Shareholders eye Simcorp’s record acquisition critically

Deutsche Börse headquarters in Eschborn near Frankfurt

The stock exchange operator’s share has lost around twelve percent since its high for the year on April 25.

(Photo: dpa)

Frankfurt Deutsche Börse is driving the largest acquisition in its history. After approval by the Danish financial regulator, the Dax group published a voluntary takeover bid for the software company Simcorp on Thursday. The offer period runs until July 13 at 11:59 p.m., but can be extended again if necessary, the company said.

Deutsche Börse is offering 735 Danish kroner per share.

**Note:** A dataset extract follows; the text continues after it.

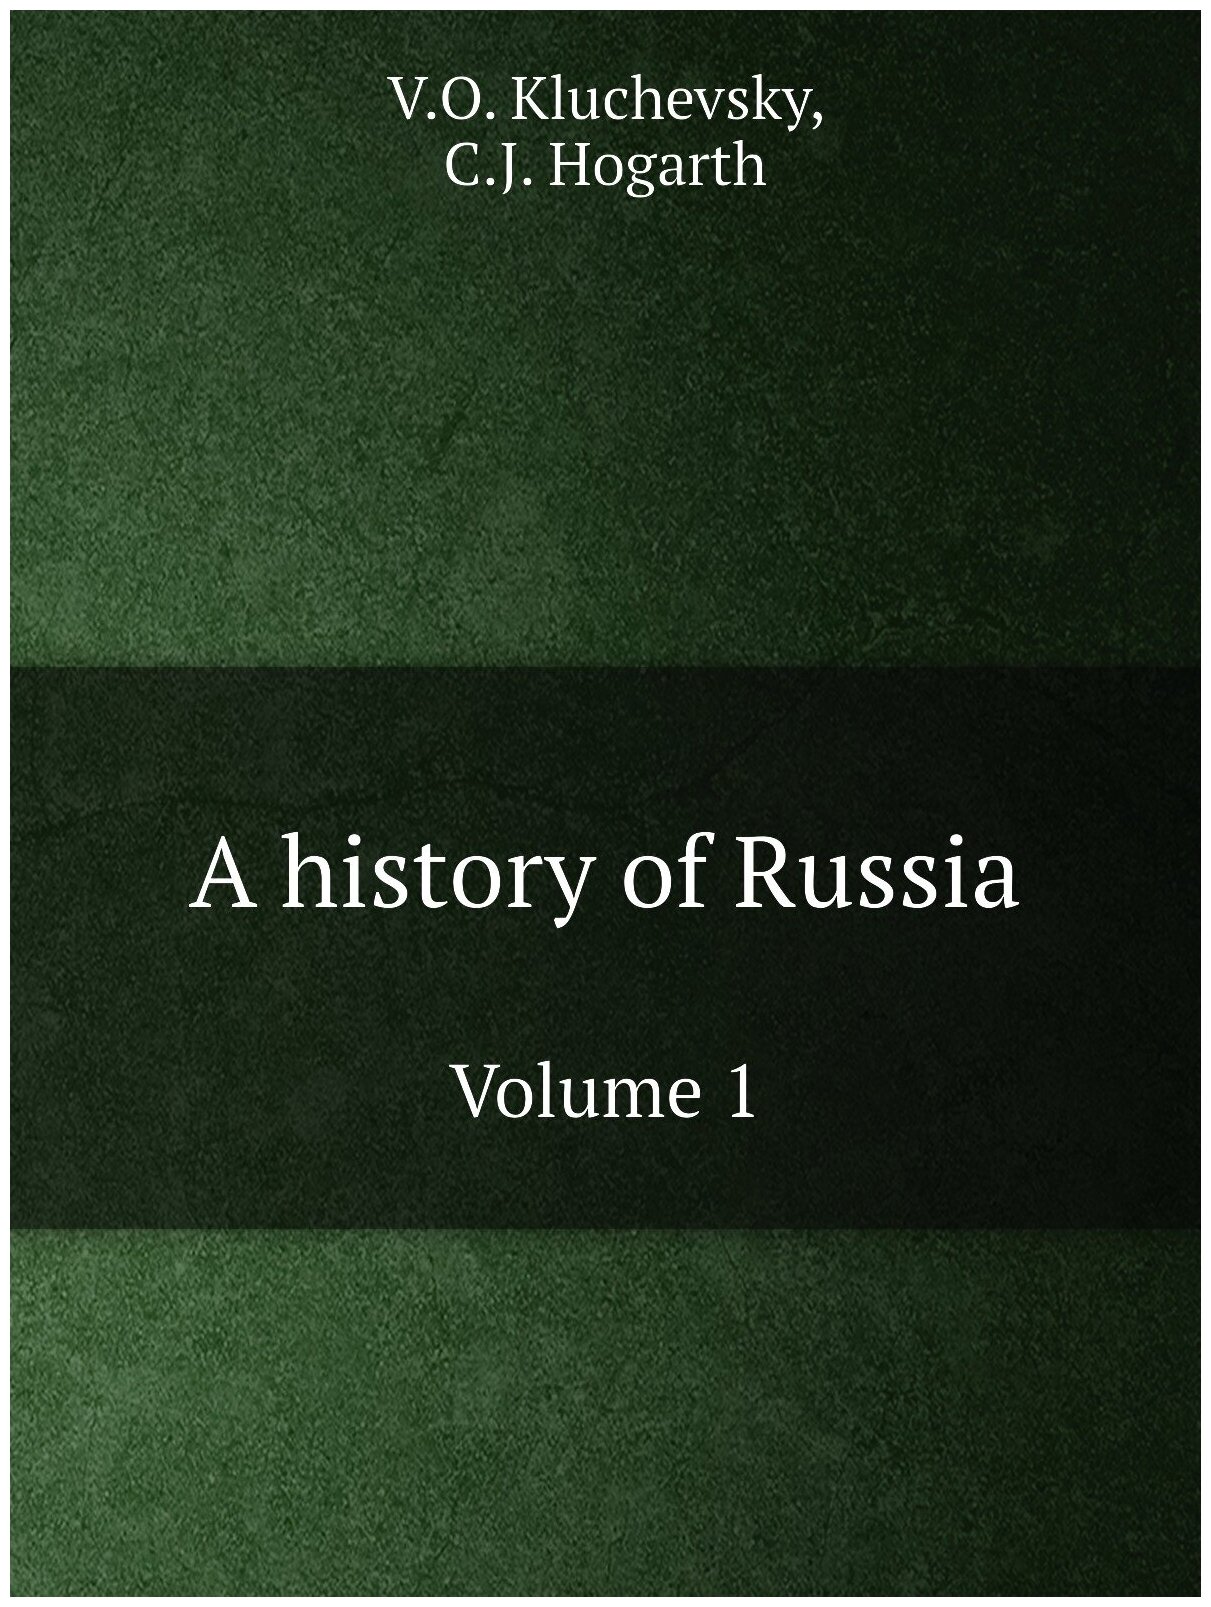 A history of Russia. История России: на англ. яз.

This corresponds to a premium of 39 percent on Simcorp’s closing price before the takeover bid became known. Overall, the Copenhagen-based company is valued at 3.9 billion euros in the deal.

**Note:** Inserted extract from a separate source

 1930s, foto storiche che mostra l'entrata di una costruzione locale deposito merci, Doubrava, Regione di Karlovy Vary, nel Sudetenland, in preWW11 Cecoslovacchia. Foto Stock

The takeover will only happen if more than 50 percent of Simcorp shareholders accept the offer and all authorities approve the purchase. With the takeover, Deutsche Börse would become less dependent on the ups and downs on the markets. The share of the data, analytics and software business in total revenues would increase from 15 to 24 percent.

Simcorp provides investment management software for large investors such as asset managers, pension funds, and central banks. With the takeover, Deutsche Börse would strengthen its business with the so-called “buy side”.

“We are then also active in the machine room of the investors, covering the entire investment management,” said CEO Theodor Weimer at the annual general meeting in mid-May.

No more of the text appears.